**Supplied material**
++++++++++++++++++++
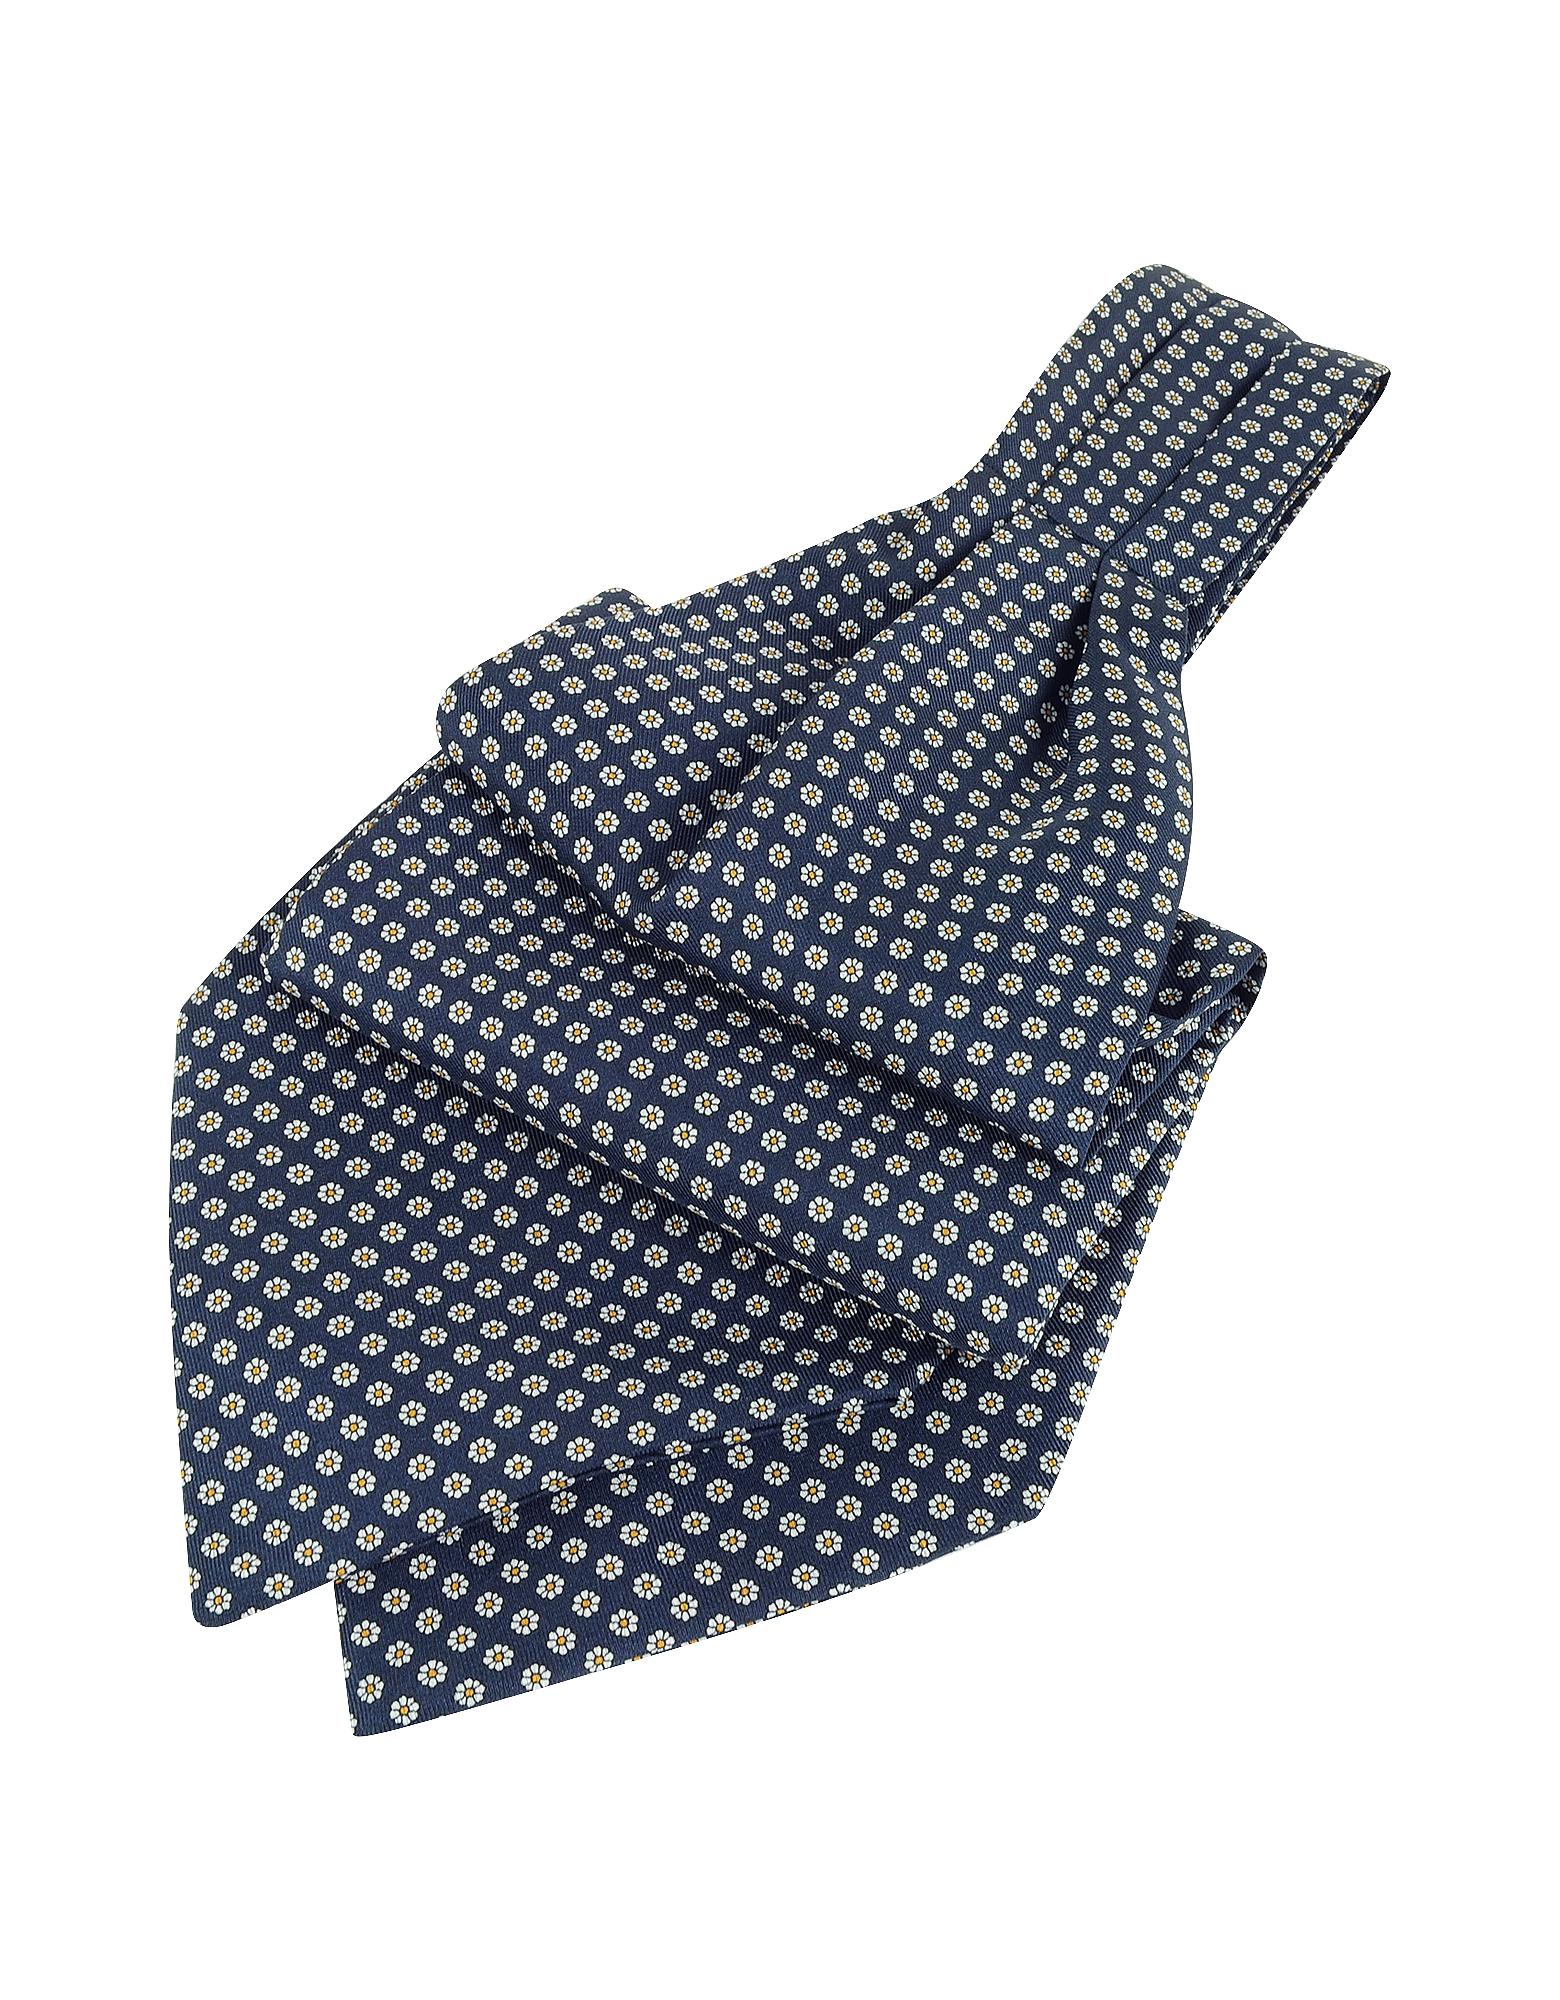 Image of Forzieri Designer Ascot ties, Daisy Print Pure Silk Ascot
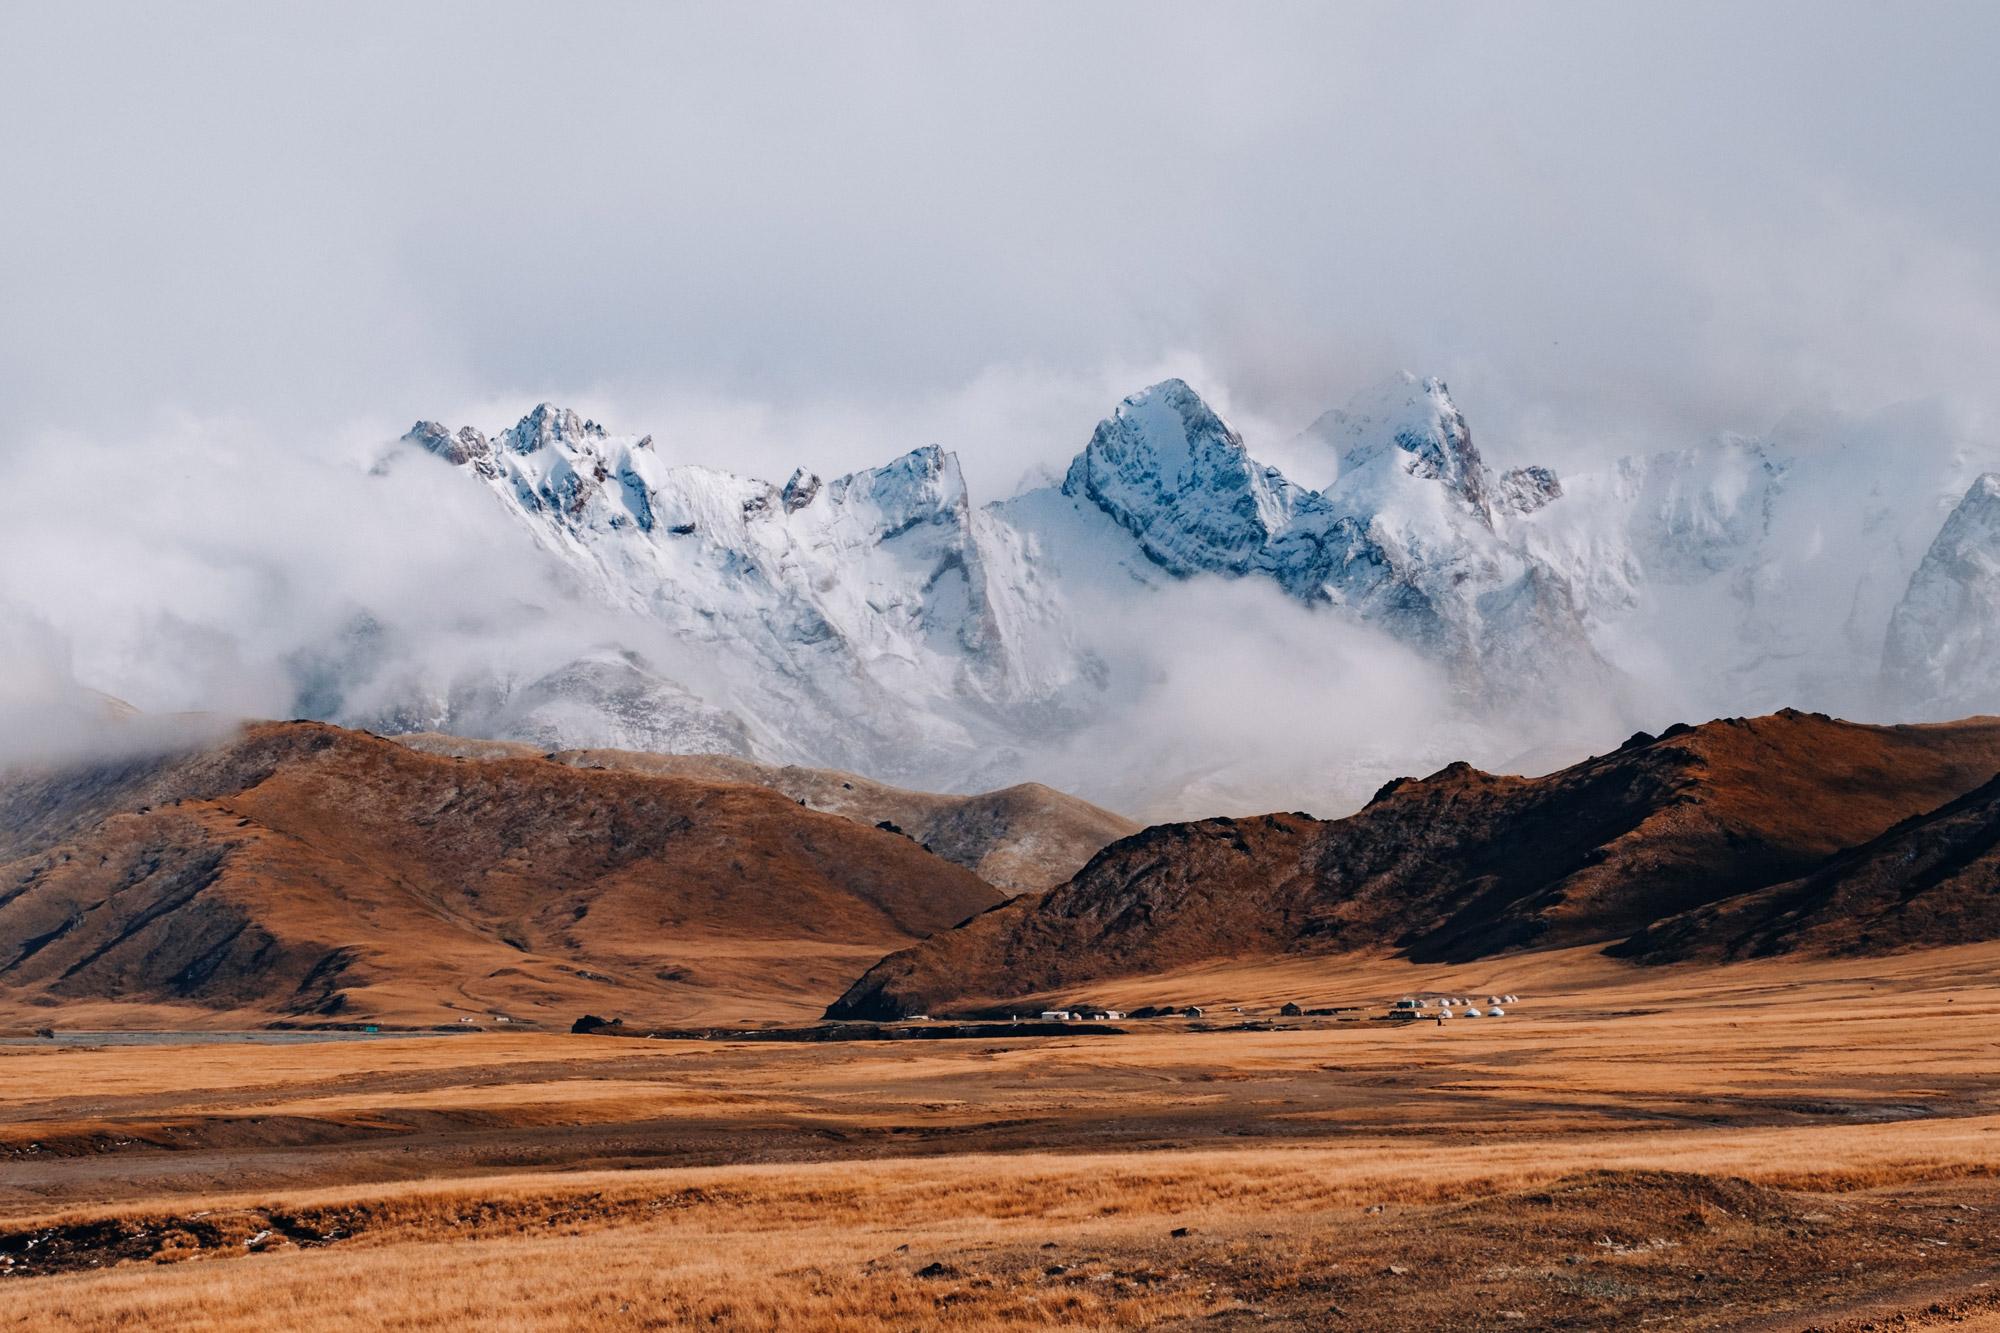 Binnenkort naar Kirgizië
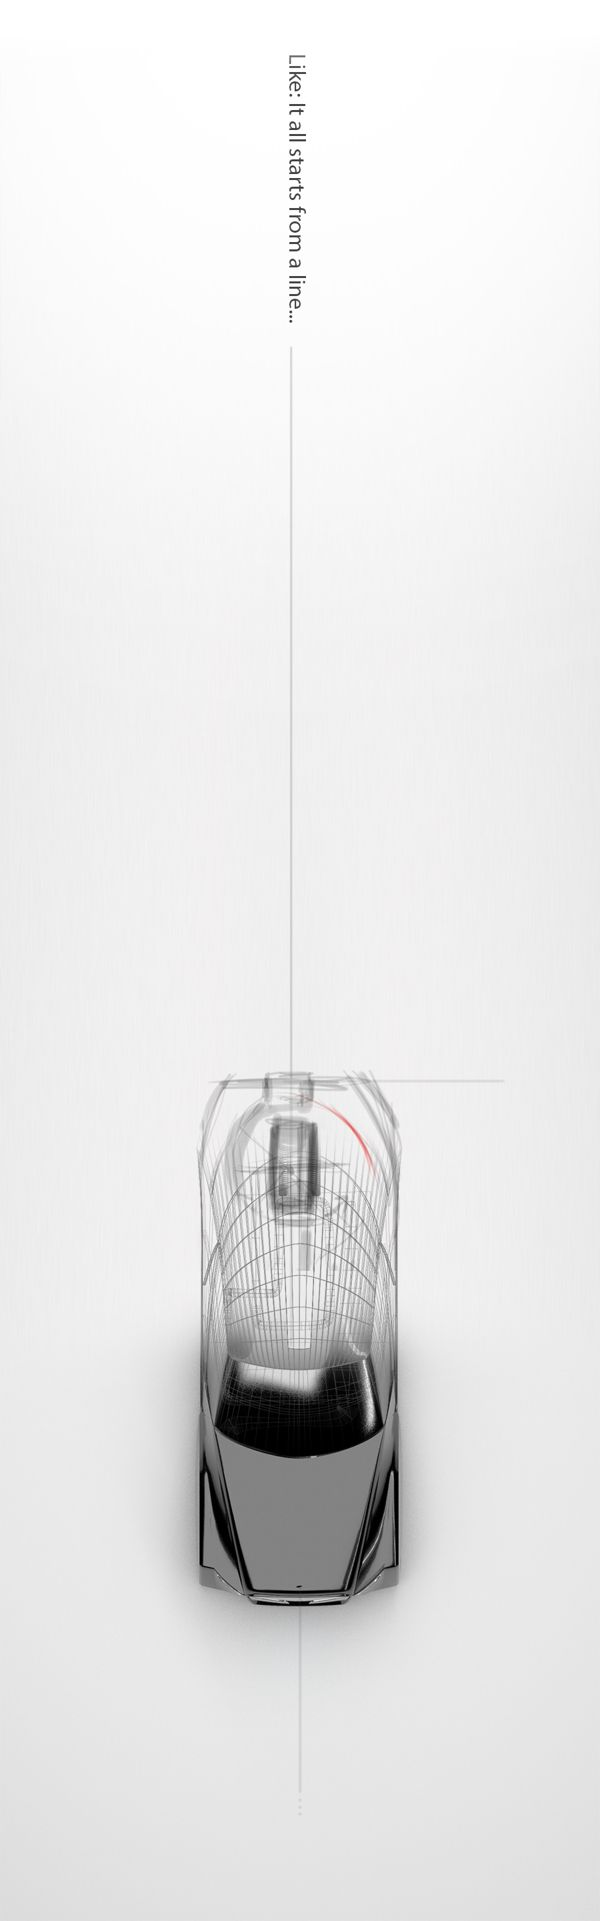 Panthera: A Design Journey on Behance
++++++++++++++++++++
**Exercise goal**
Only the pictures are to be dropped; return everything else in the listing exactly.

**Reply to the exercise**
 Image of Forzieri Designer Ascot ties, Daisy Print Pure Silk Ascot
 Binnenkort naar Kirgizië
 Panthera: A Design Journey on Behance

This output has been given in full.